Aim of the task
Please return all records verbatim, no pictures.

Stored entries
________________________
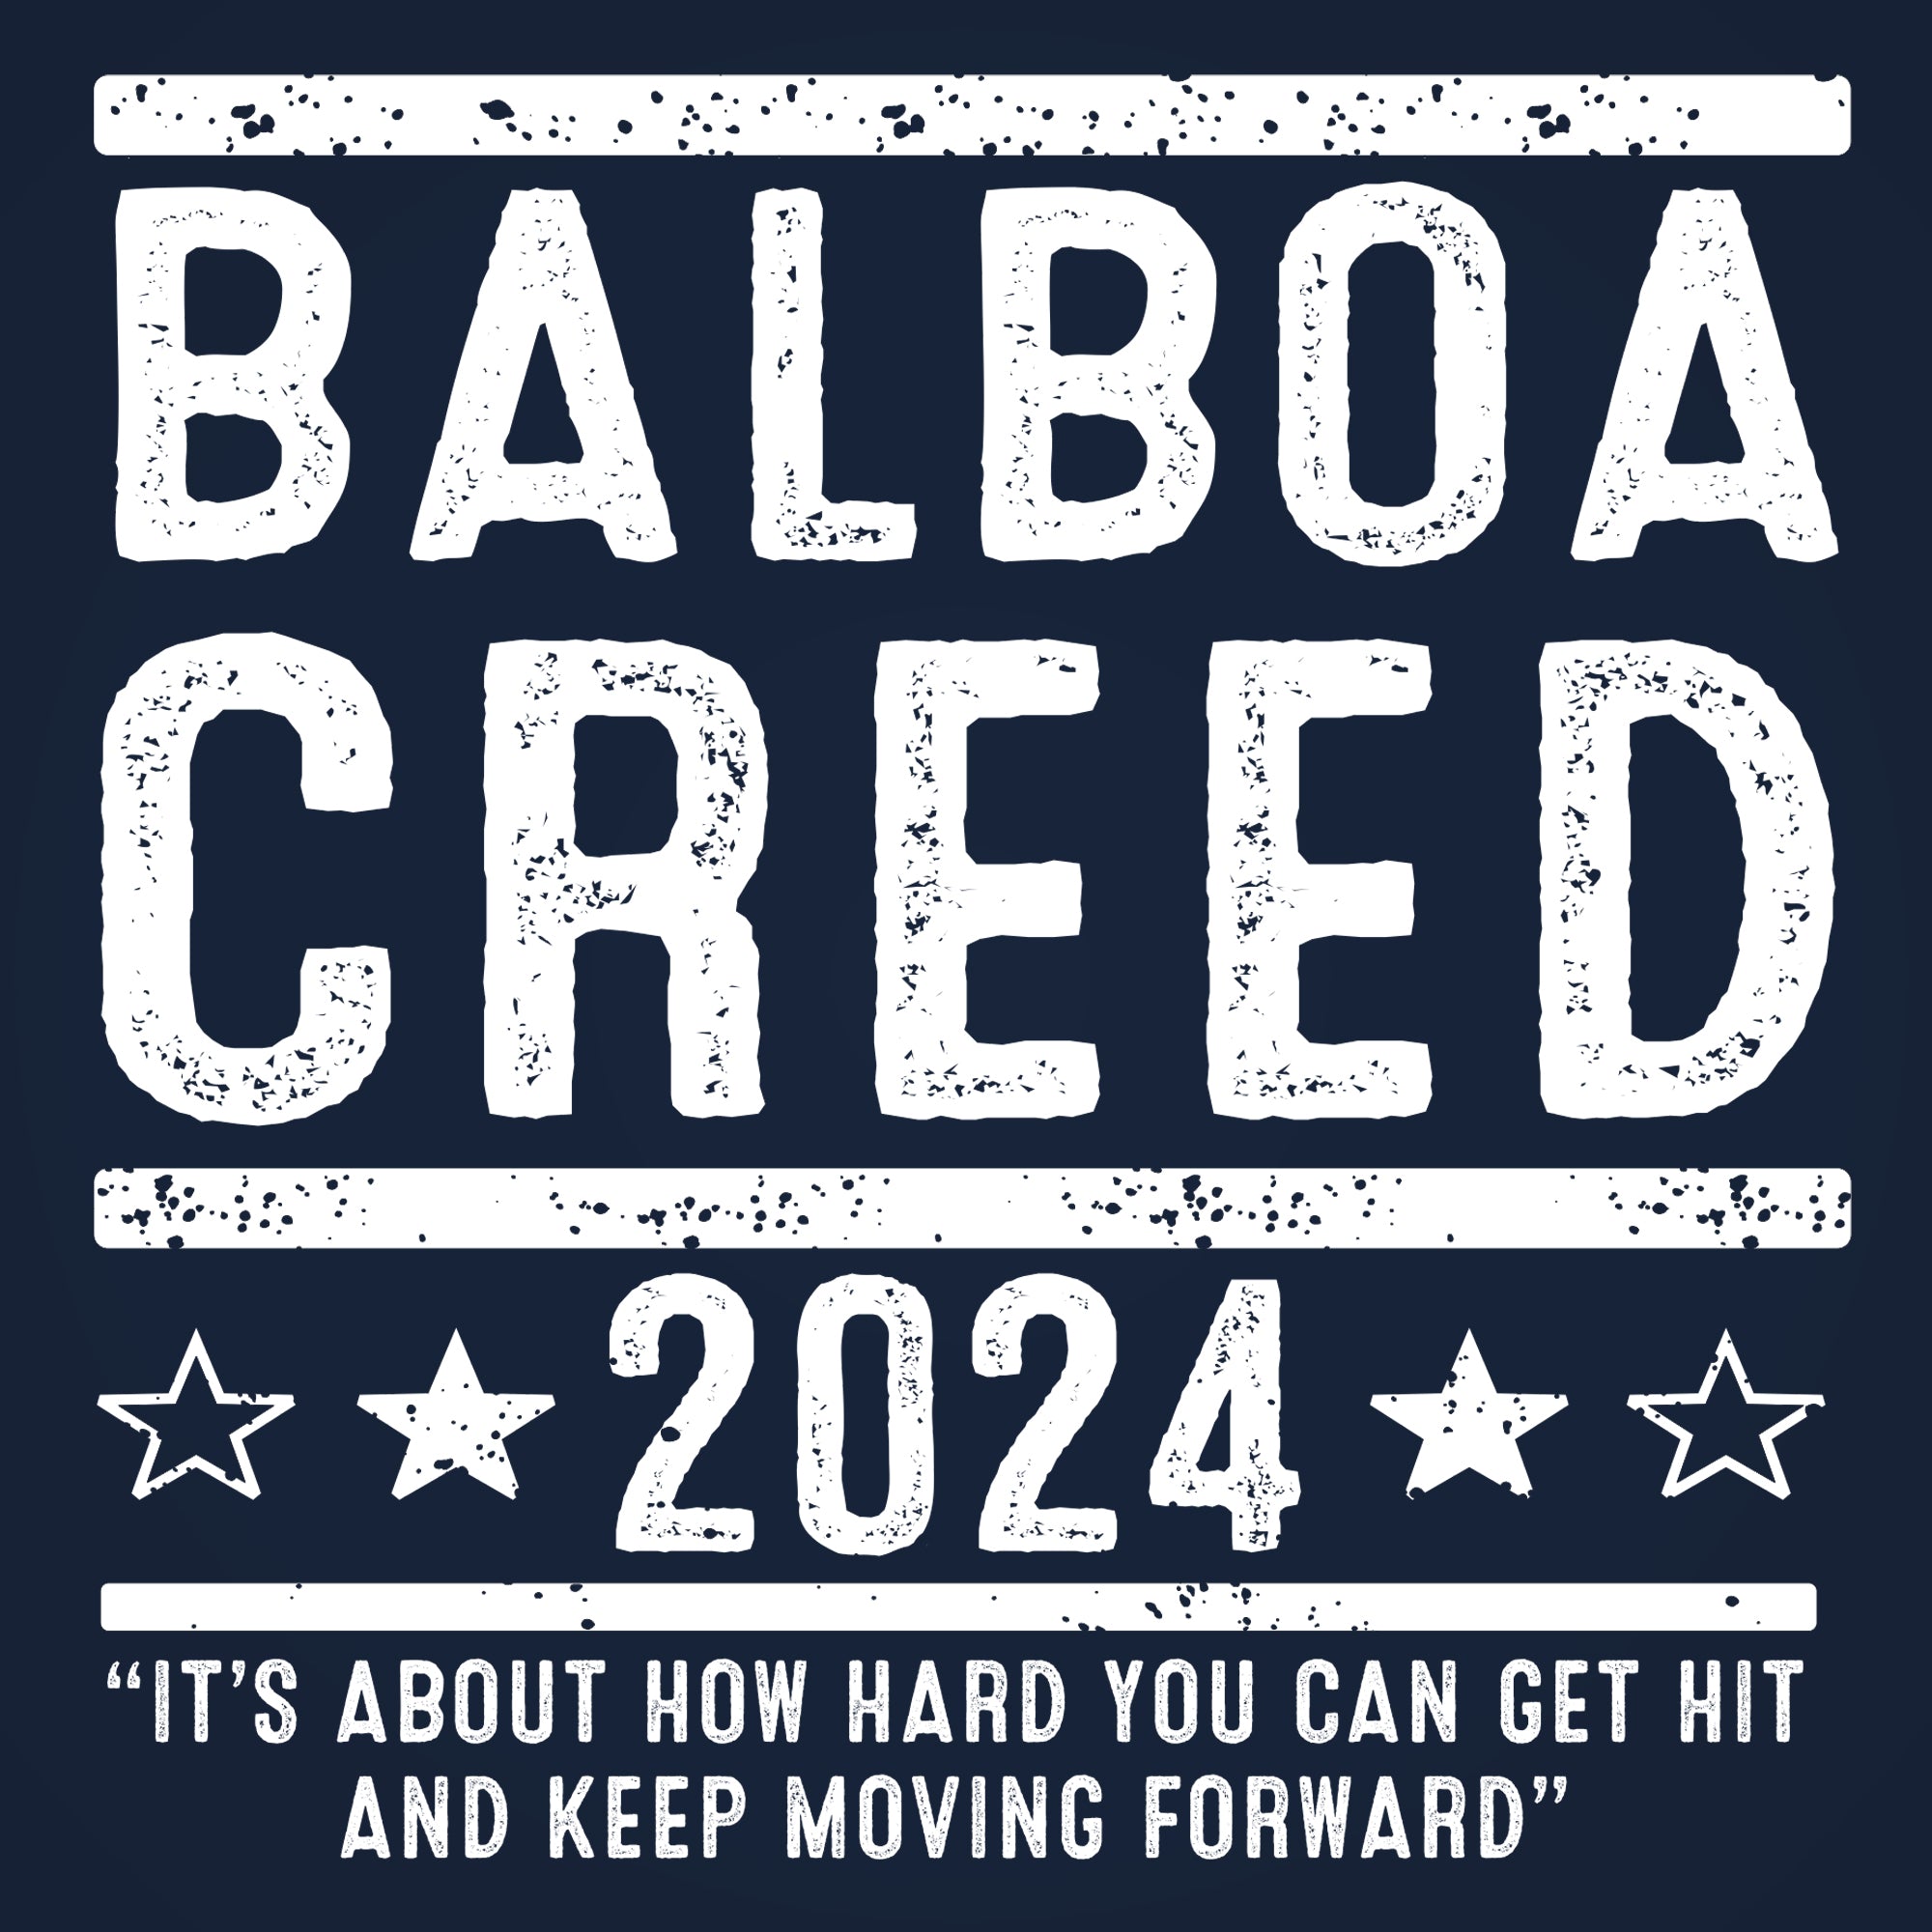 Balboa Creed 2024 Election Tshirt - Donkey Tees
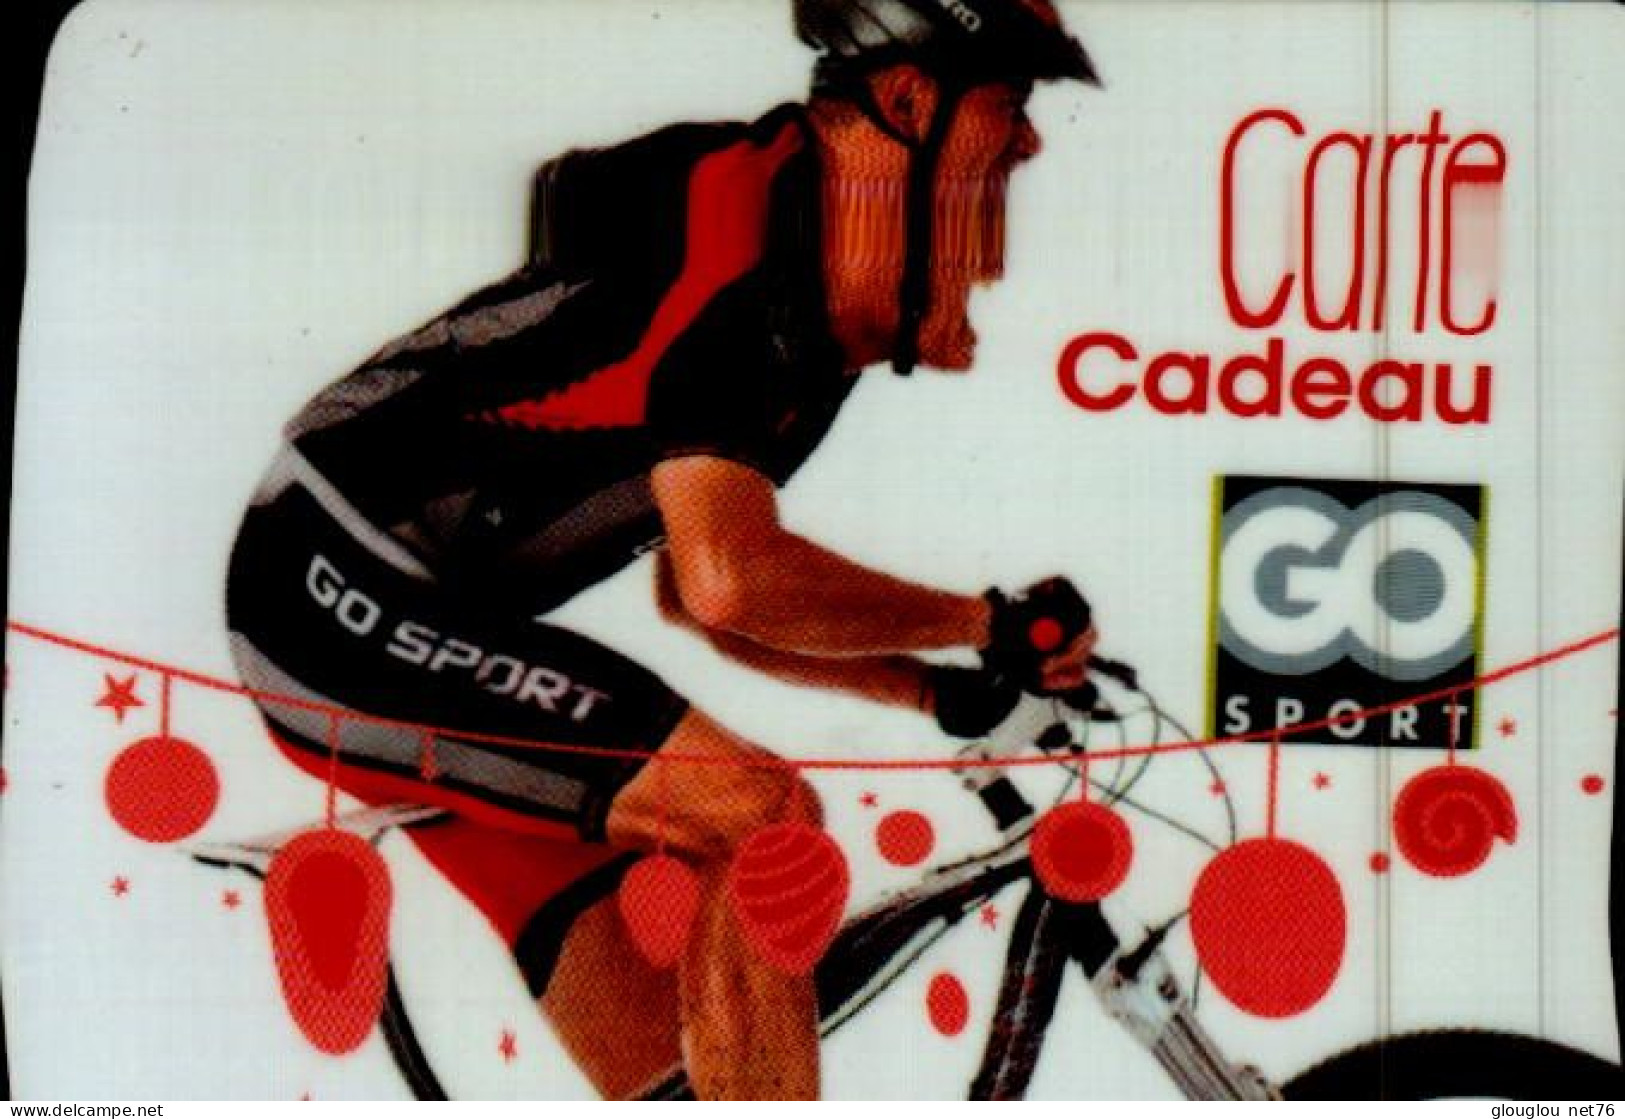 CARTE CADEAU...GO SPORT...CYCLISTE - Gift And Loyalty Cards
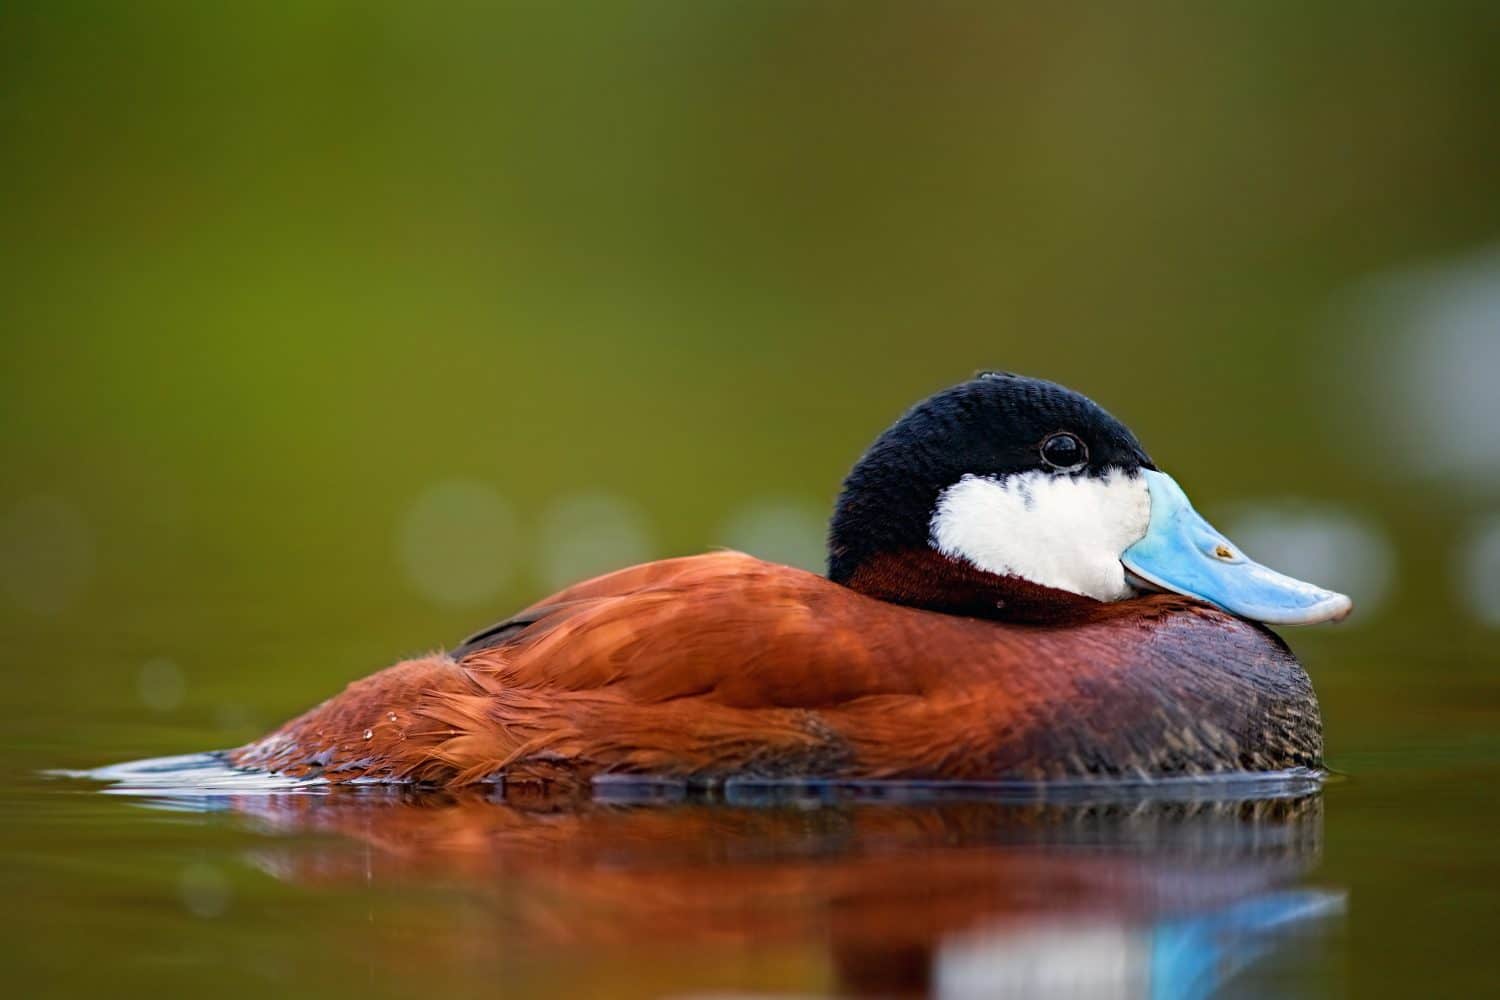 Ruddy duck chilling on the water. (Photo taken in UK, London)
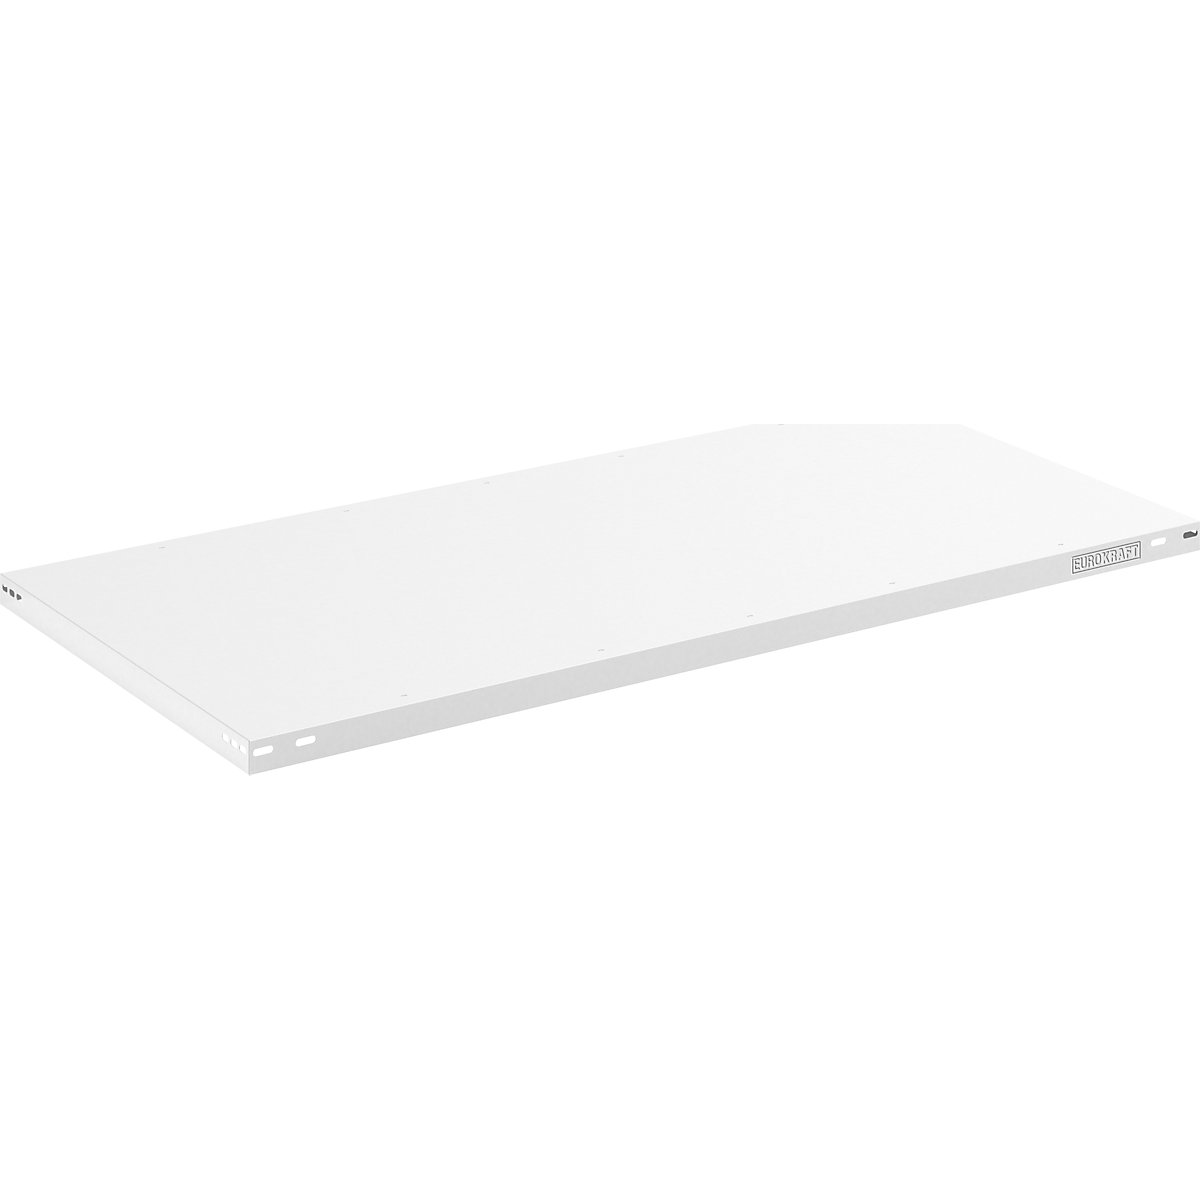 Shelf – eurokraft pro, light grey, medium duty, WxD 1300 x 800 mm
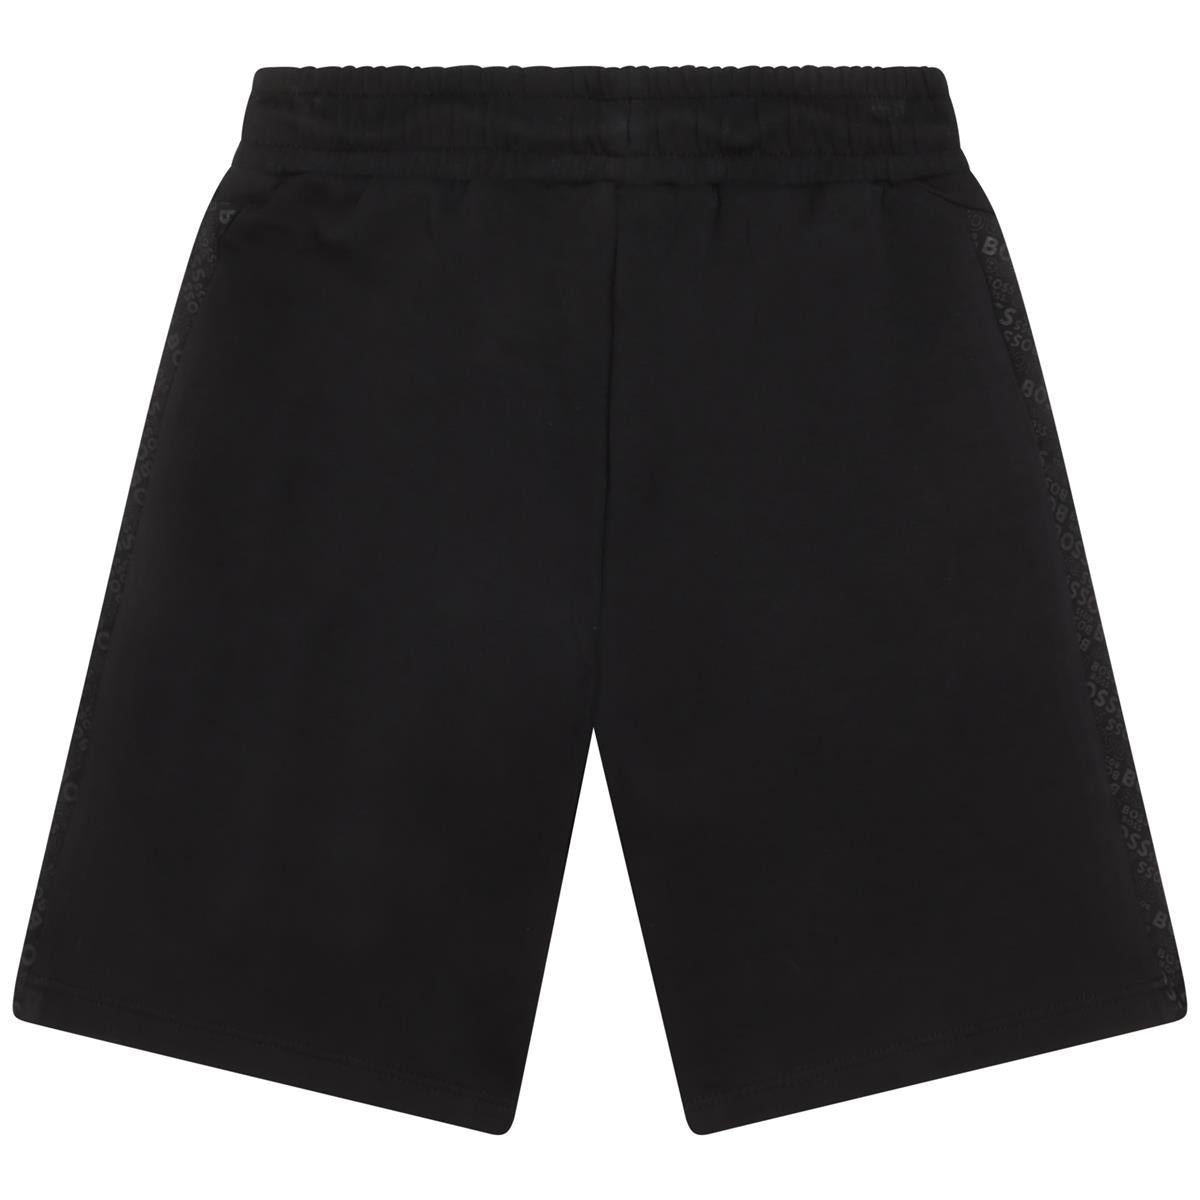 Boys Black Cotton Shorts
________________________
Result of this exercise
 Balboa Creed 2024 Election Tshirt - Donkey Tees
 CARTE CADEAU...GO SPORT...CYCLISTE - Gift And Loyalty Cards
 Ruddy duck chilling on the water. (Photo taken in UK, London)
 Shelf – eurokraft pro, light grey, medium duty, WxD 1300 x 800 mm
 Boys Black Cotton Shorts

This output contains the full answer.